Uso sem autorização da Anvisa

Um ponto polêmico do PL é a autorização de compra pelas empresas, mesmo que o imunizante não seja aprovado pela Anvisa. "Se uma autoridade sanitária de outro país já certificou a vacina, não há necessidade nenhuma de ser certificada de novo pela Anvisa. Será que a gente não pode confiar nas outras agências do mundo? Quer dizer que não prestam?", questionou.

Ele garantiu ainda que caso a doação não possa ser feita ao SUS, já que o governo federal só poderá vacinar os brasileiros com vacinas certificadas nacionalmente, "pode ser doado o dinheiro, em vez do insumo, isso está em aberto, deve ser decidido da regulamentação do projeto", pontuou. 

A expectativa de Hildo Rocha é que o projeto será aprovado quanto antes no Senado e sancionado pelo presidente. "A cada dia estão morrendo mais de três mil pessoas, muitos desses são trabalhadores. A gente vai deixar esse povo morrendo sem fazer nada?", indagou.

O deputado cita a vacina da gripe como exemplo. "Podemos contar com o outro braço da sociedade, a iniciativa privada, como acontece com a vacina da gripe.

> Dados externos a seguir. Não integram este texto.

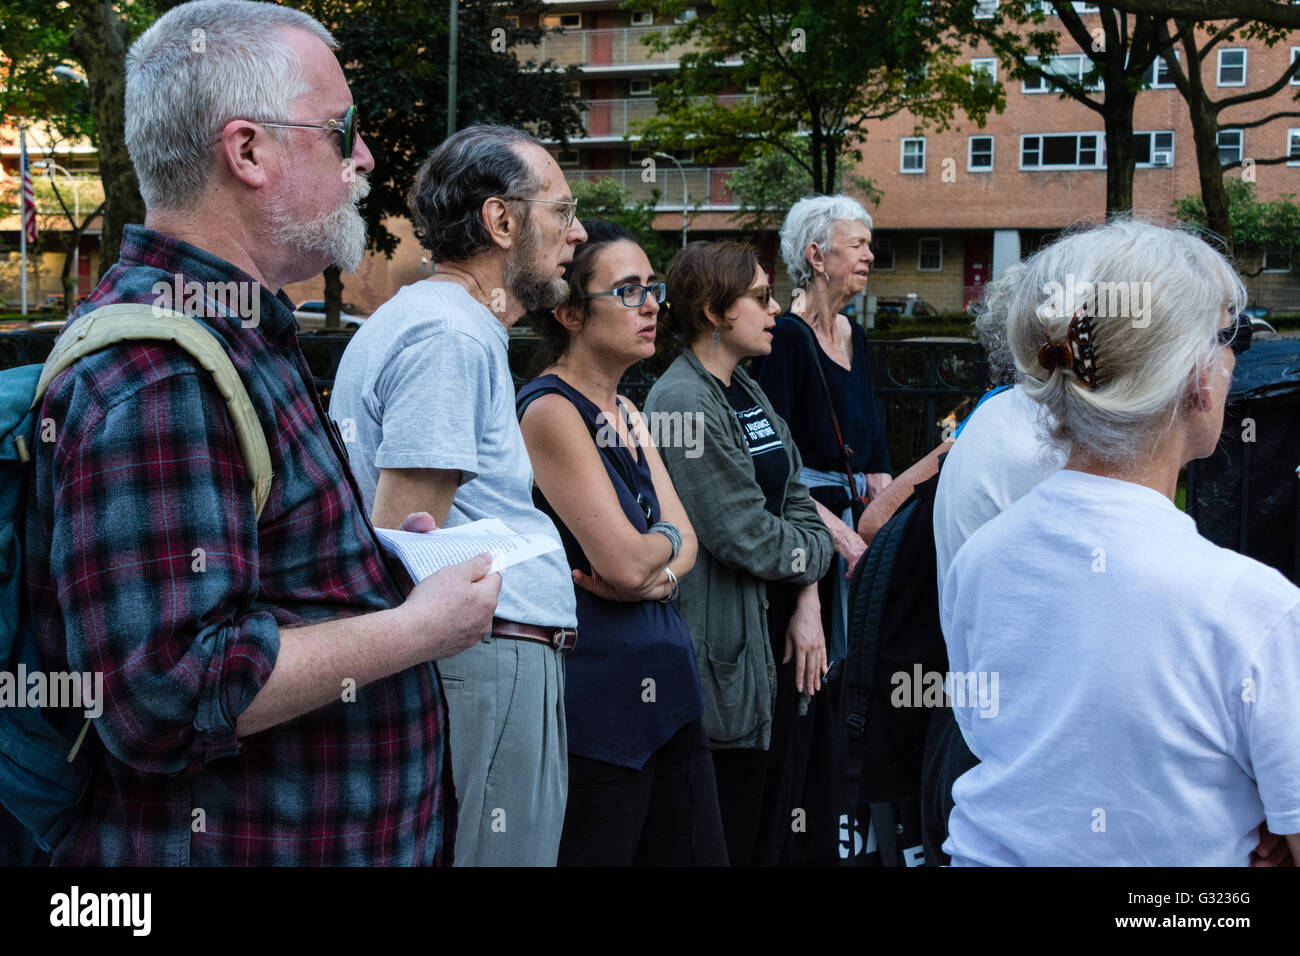 New York, USA. 6th June 2016. Activists sing to inmates accused of terrorism in NYC jail during vigil. Prison rights advocates of the No Separate Justice campaign held a vigil at New York's Metropolitan Correctional Center charging human rights violations and abusive treatment of terror suspects held in such facilities. Credit:  M. Stan Reaves/Alamy Live News Stock Photo
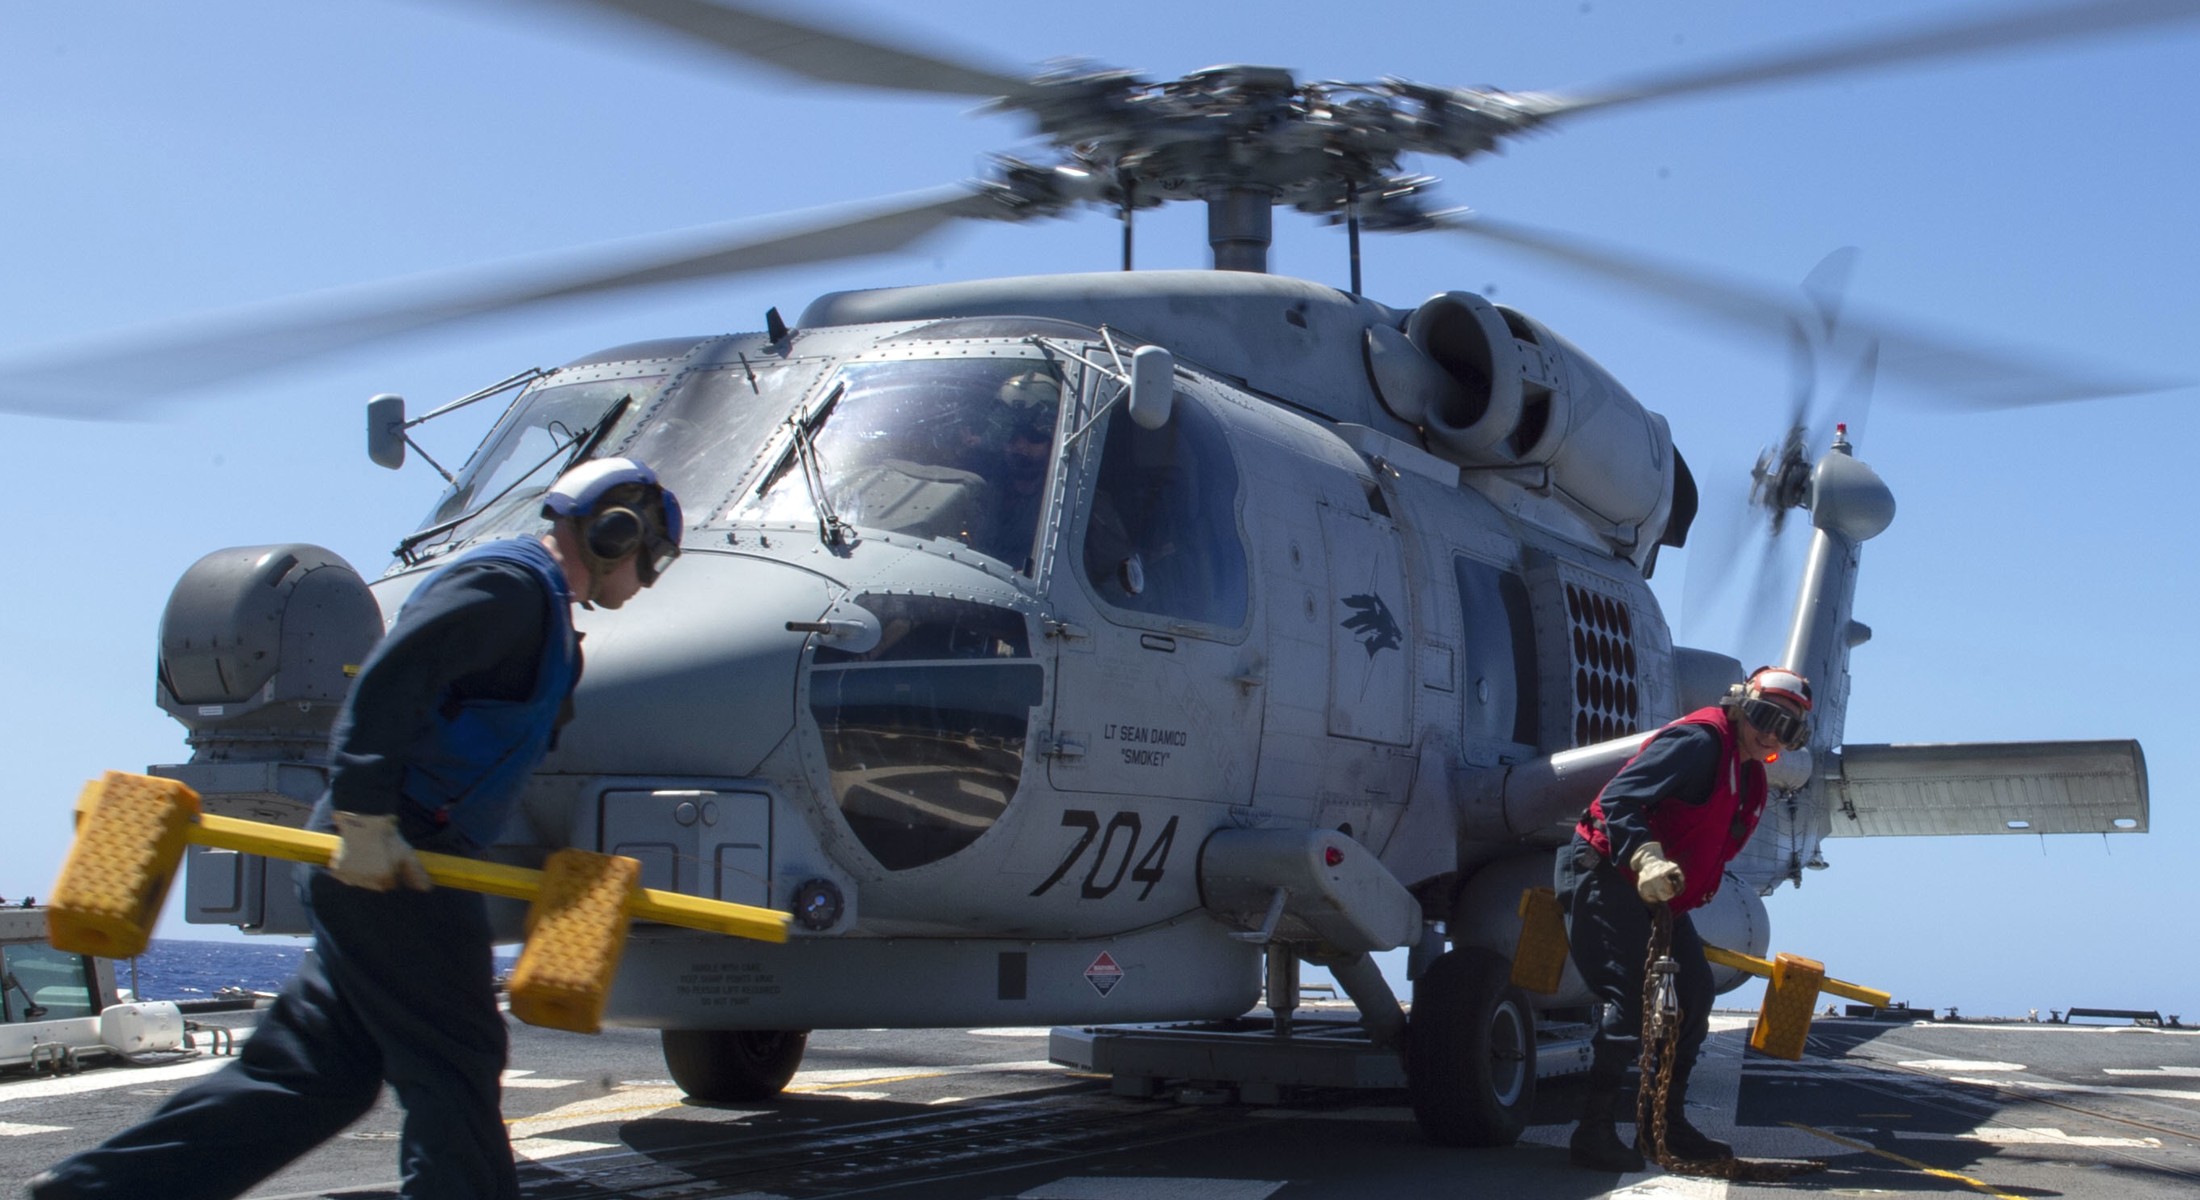 hsm-75 wolfpack helicopter maritime strike squadron us navy mh-60r seahawk 2013 71

São muitas vidas perdidas. Fora as outras que estão doentes e vão ter sequelas, eu mesmo tive Covid e estou com sequelas. São pessoas que vão acabar dando prejuízo para a nação brasileira por terem que se tratar no SUS, no caso de quem não tem dinheiro", disse.

Anvisa e Fiocruz 

Segundo o Ministério da Saúde, 562 milhões de doses já foram adquiridas de seis fabricantes distintos
Foto: Pixabay/Creative Commons
Segundo o Ministério da Saúde, 562 milhões de doses já foram adquiridas de seis fabricantes distintos

A Anvisa e a Fundação Oswaldo Cruz (Fiocruz) não são favoráveis ao PL. Em uma reunião da Comissão Temporária da Covid-19 (CTCovid-19), a presidente da Fiocruz, Nísia Trindade, pediu respeito às prioridades definidas pelo Ministério da Saúde para a campanha de vacinação.

"Eu creio que esse caminho da compra de vacinas para uso nos próprios funcionários não é um caminho adequado por razões, inclusive, epidemiológicas e sanitárias. O Programa Nacional de Imunizações definiu uma ordem de prioridades, e é muito importante que ela seja seguida" disse Trindade.

Já o diretor-presidente da Anvisa, Antonio Barra Torres destacou a escassez de oferta de vacinas no mundo. "A oferta das vacinas hoje é extremamente reduzida, e o SUS é um grande comprador e um grande vacinador. Então, se o SUS compra, se o SUS vacina, haveria realmente a necessidade ou haveria um advento positivo de que outros atores que não o SUS assim o fizessem? Diante de uma oferta ampla, eu penso que até haveria algo positivo, mas a oferta é tudo menos ampla: é uma oferta restrita, é uma oferta de monta restrita", defendeu.


Qual seria o melhor momento?

Ainda de acordo com o médico José Medina, o ideal é que a compra e distribuição de vacinas pelo setor privado só seja autorizada após a imunização do grupo de risco. "Esse seria um melhor momento", diz o médico.

Ethel discorda e acredita que essa negociação precisa esperar pelo fim da pandemia no Brasil. "Quando o cenário tiver controlado, não vejo problema nessa comercialização feita pelo setor privado, antes não é ético e nem correto".